Understanding local UK innovation requires more and better data

Alick Bird and Andrew Plume, International Center for the Study of Research, Elsevier

Elsevier’s International Center for the Study of Research (ICSR) was delighted to support Advanced Oxford’s landmark Oxfordshire’s Innovation Engine 2023 report by co-creating the Oxfordshire Innovation Ecosystem Dashboard that supports many of its key findings. Indeed, a large part of ICSR’s mission is to develop rigorous and evidence-based approaches to tracking how research-based knowledge generates societal and economic impact for local and national economies. In this blog post we’d like to share some of our challenges with data that arose in the course of this work, in the hopes of highlighting improvement that could make such future exercises far less laborious.

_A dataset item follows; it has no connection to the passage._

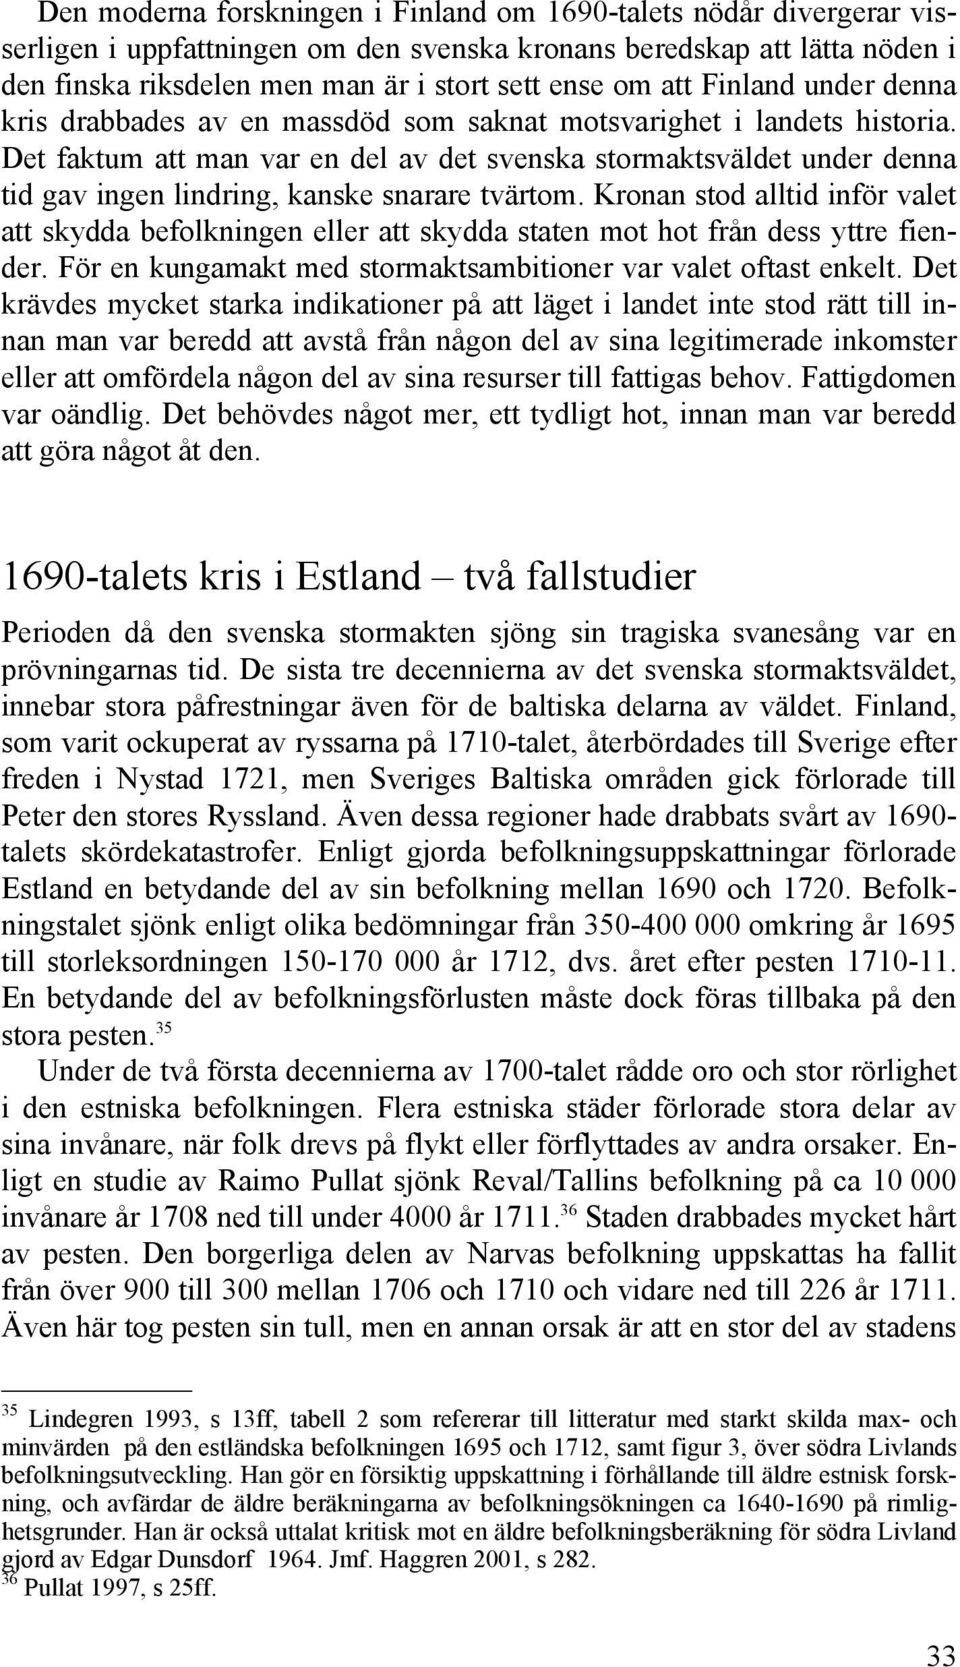 Det faktum att man var en del av det svenska stormaktsväldet under denna tid gav ingen lindring, kanske snarare tvärtom.

Given the importance of local innovation as a driver for economic growth across the UK, we worked pragmatically to assemble datasets from multiple sources to produce a dashboard that could be readily applied to other geographies in the UK. Our challenges with data largely related to difficulties in obtaining data that were sufficiently granular (i.e. disaggregated), clean (i.e. disambiguated) and/or complete. For example, we were not able to obtain data disaggregated at company level from HMRC’s Research and Development (R&D) expenditure credits or ONS’ Inter-Departmental Business Register, which could have enriched our cross-linked dataset combining data from Companies House, Innovate UK, Scopus (publication) and TotalPatent One (patent) and lists of university spin-outs and science & business park tenants.

Without wishing to add to the online chorus of dissatisfaction with ONS’ Standard Industrial Classification (SIC) system, we’d like to highlight how these outdated, sometimes poorly assigned, and insufficiently granular codes meant we were unable to robustly answer a seemingly simple question: “How many of Oxfordshire’s companies specialise in artificial intelligence?”. No SIC code from the 2007 revision even mentions ‘artificial intelligence’, so businesses are forced to choose a far less informative category such as “62012: Business and domestic software development” which includes everything from “Data analysis consultancy services” and “Programming services” through to the cryptically-named “Software house”. An overhaul of the SIC system is long overdue, and ironically several AI technology companies are attempting to solve for this problem already.

Why does this all matter? Aside from making life harder for analysts, the collective upshot of these issues is that it is impossible to create a single-source-of-truth answer to apparently straightforward questions such as “How many innovative companies are there in Oxfordshire, how many people do they employ and what value to they add to the economy?” Instead, myriad qualifications and imperfect lenses must be applied to the question, making the answer less clear and robust than it should be if policymakers and the public are to continue to support public investment in the knowledge economy. At the UK level, if we are to earn the tag ‘global science & innovation superpower’ we need to be able to show with rigorous and reproducible statistics where we started from and demonstrate when we have arrived.